__Task directions__
From the listing that follows, reproduce only the lines from the one holding "Mick Schumacher, Robert" through the one holding "Ben Naturno Wastafel", both included, with no pictures.

__Given records__
Start of Block

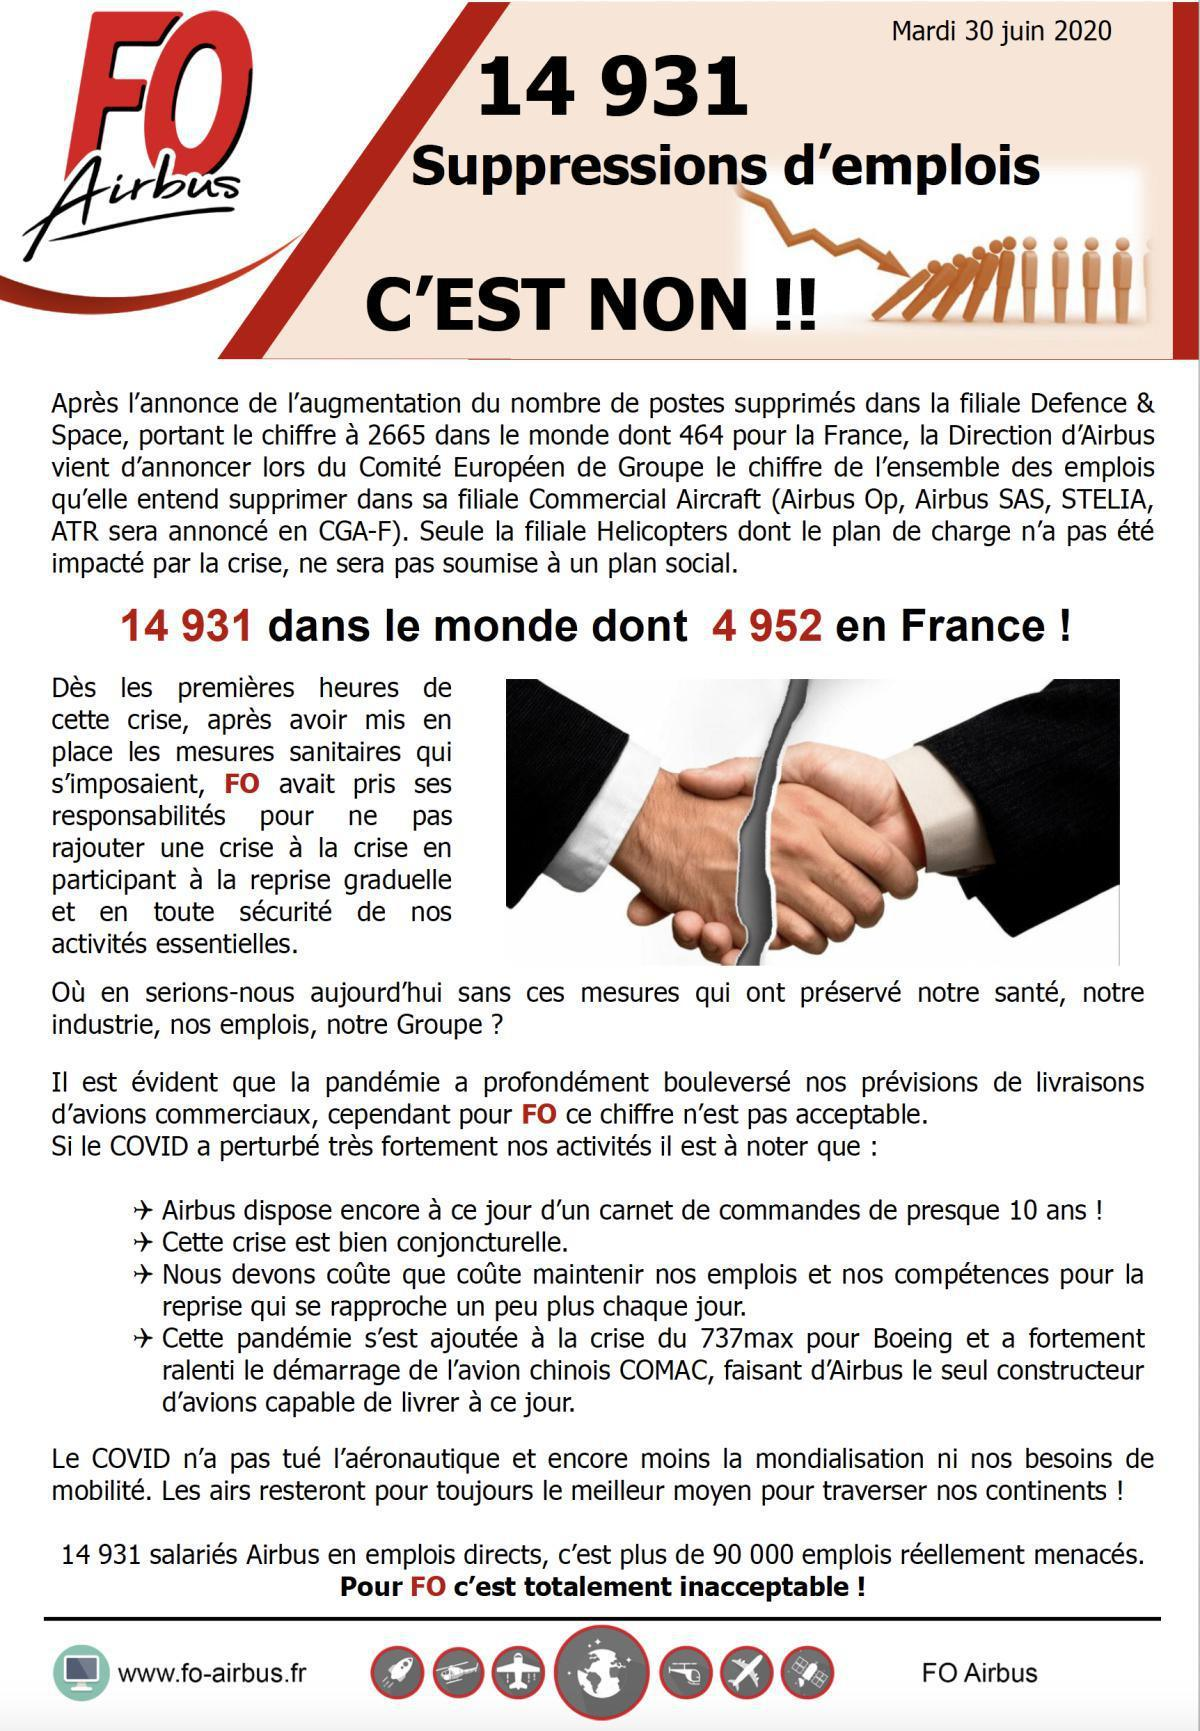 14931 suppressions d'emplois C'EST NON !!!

End of Block
Start of Block

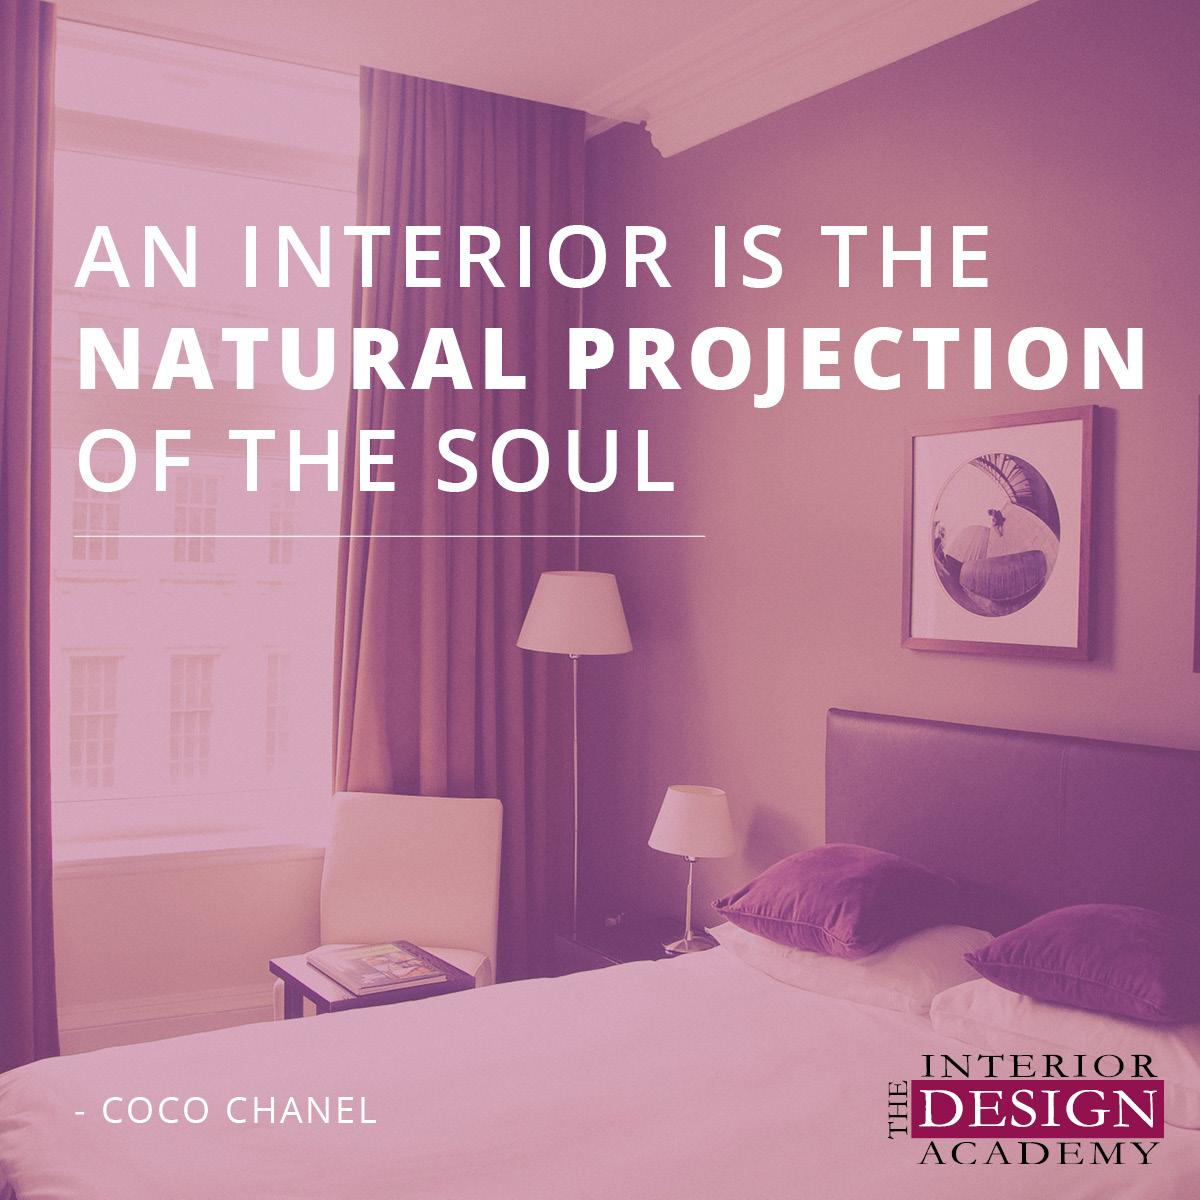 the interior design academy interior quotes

End of Block
Start of Block

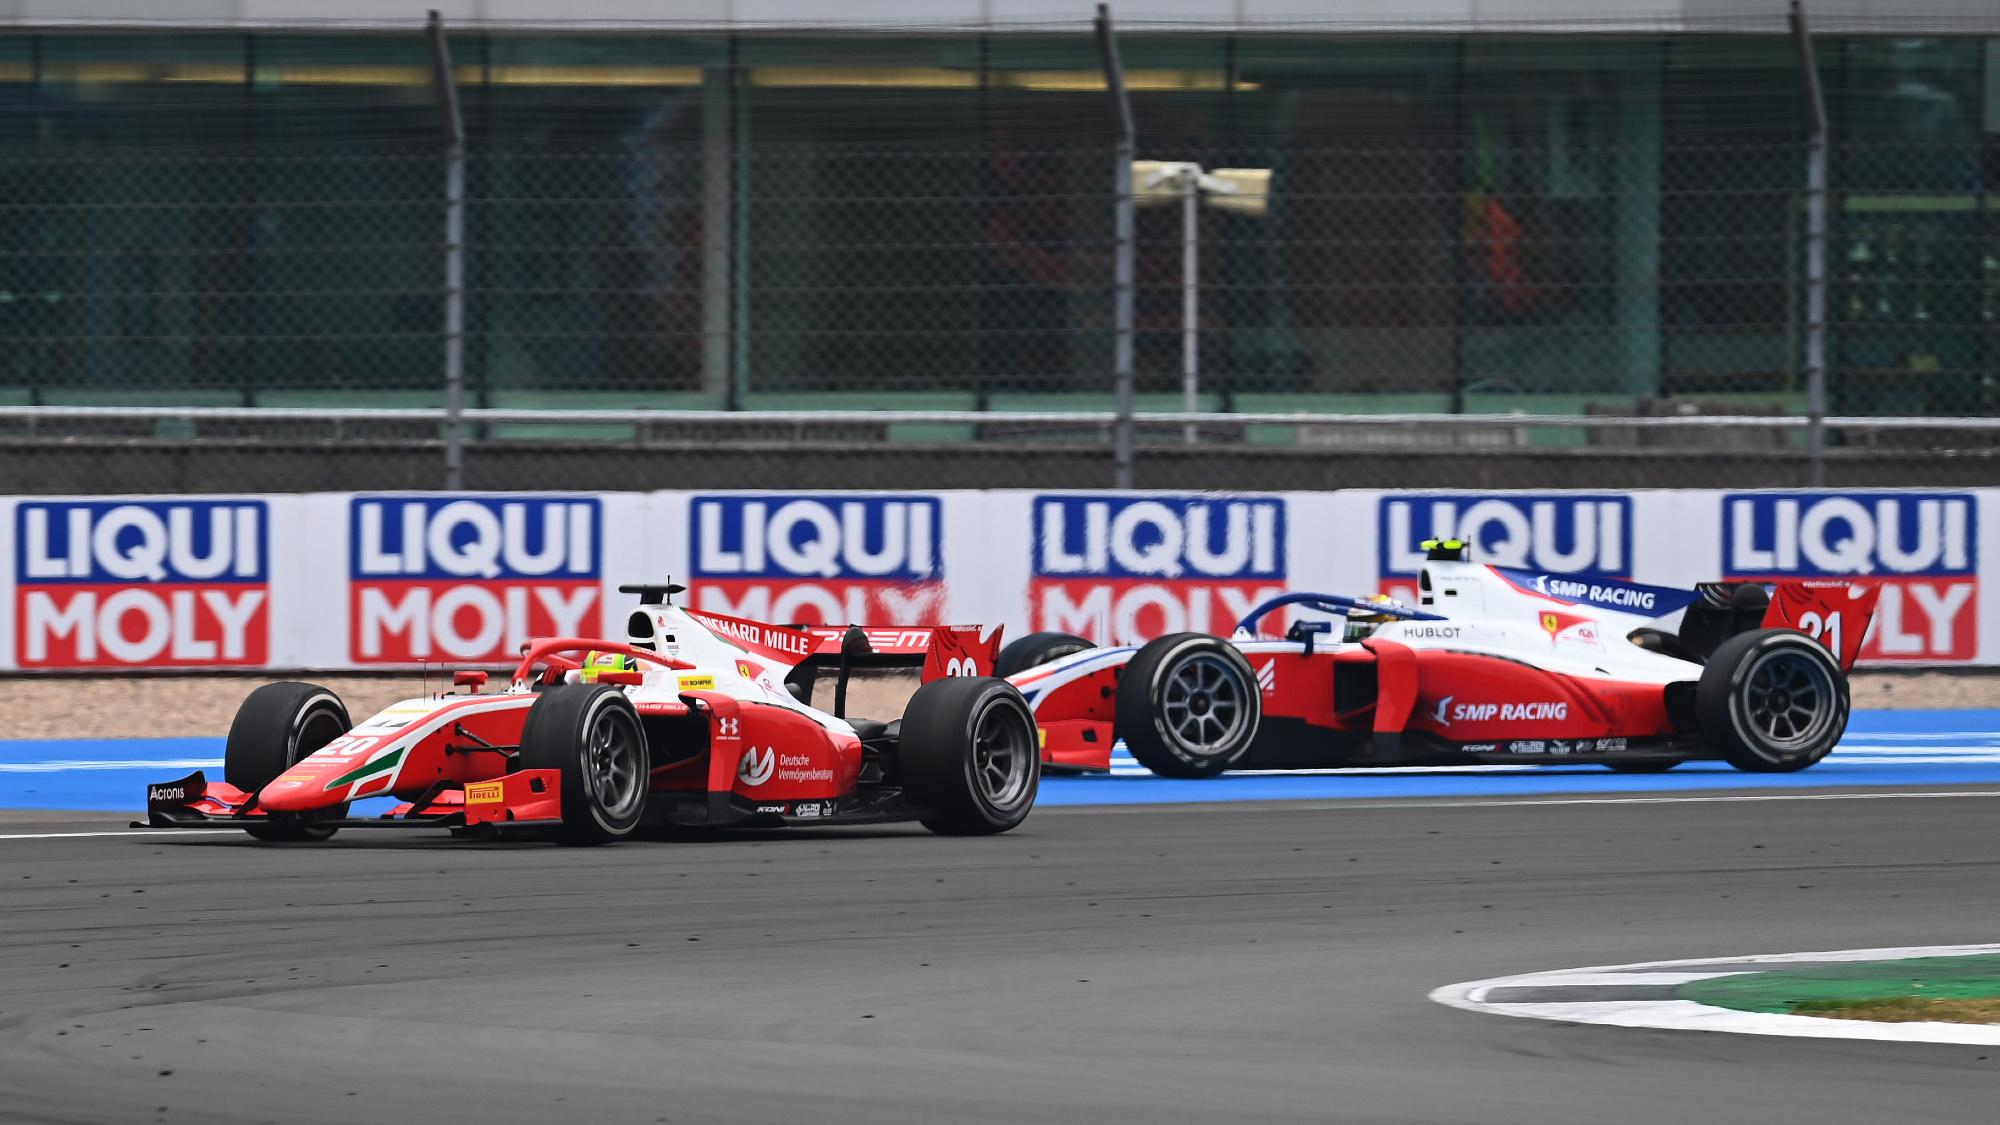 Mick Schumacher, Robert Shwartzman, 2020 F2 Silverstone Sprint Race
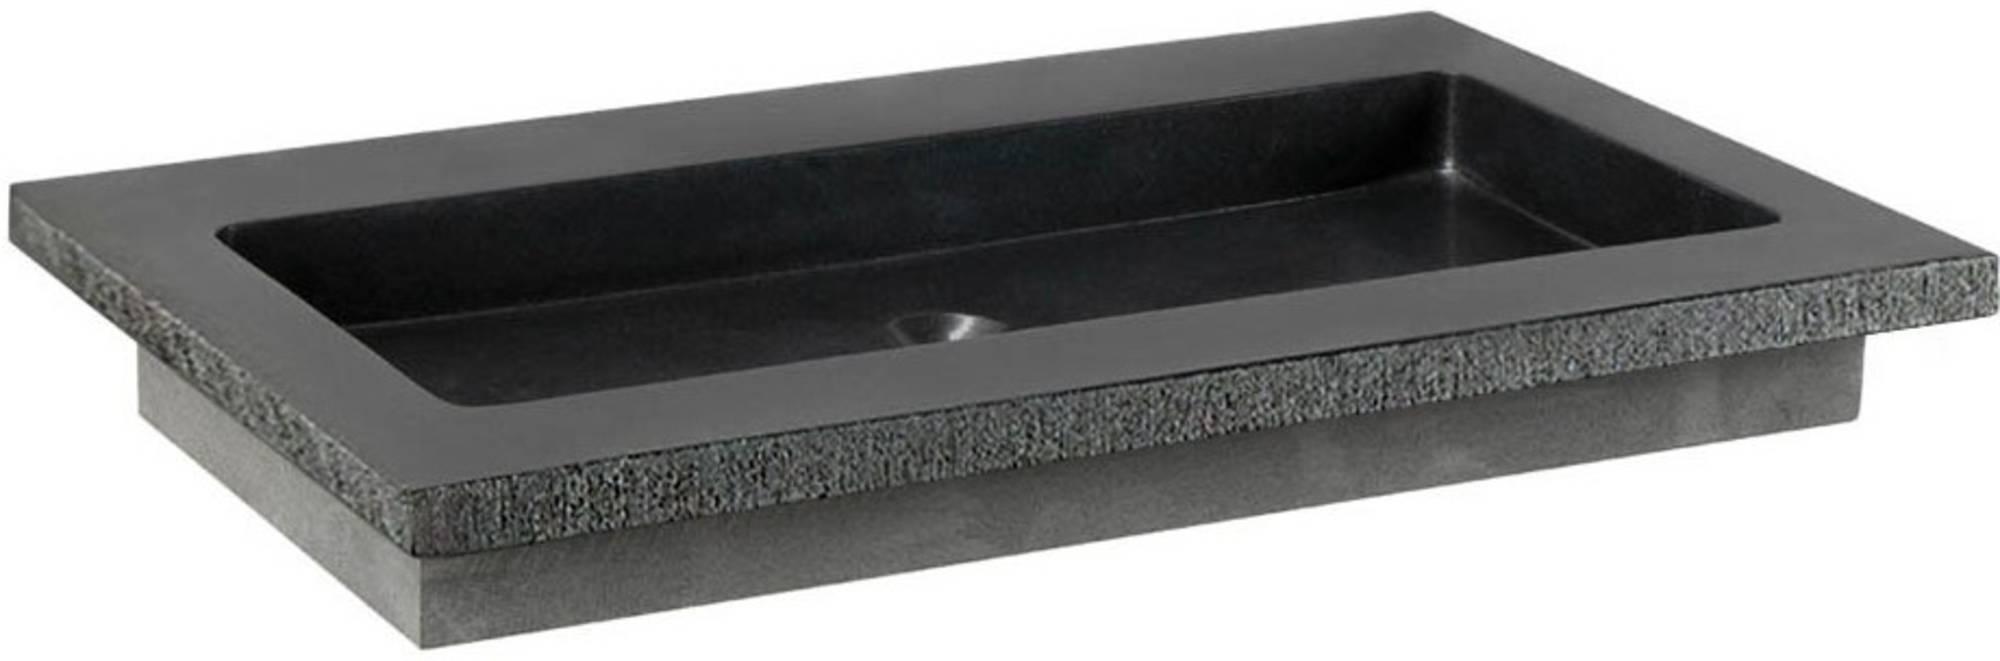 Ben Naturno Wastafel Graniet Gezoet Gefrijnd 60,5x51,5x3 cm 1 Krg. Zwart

End of Block

__Result__
 Mick Schumacher, Robert Shwartzman, 2020 F2 Silverstone Sprint Race
 Ben Naturno Wastafel Graniet Gezoet Gefrijnd 60,5x51,5x3 cm 1 Krg. Zwart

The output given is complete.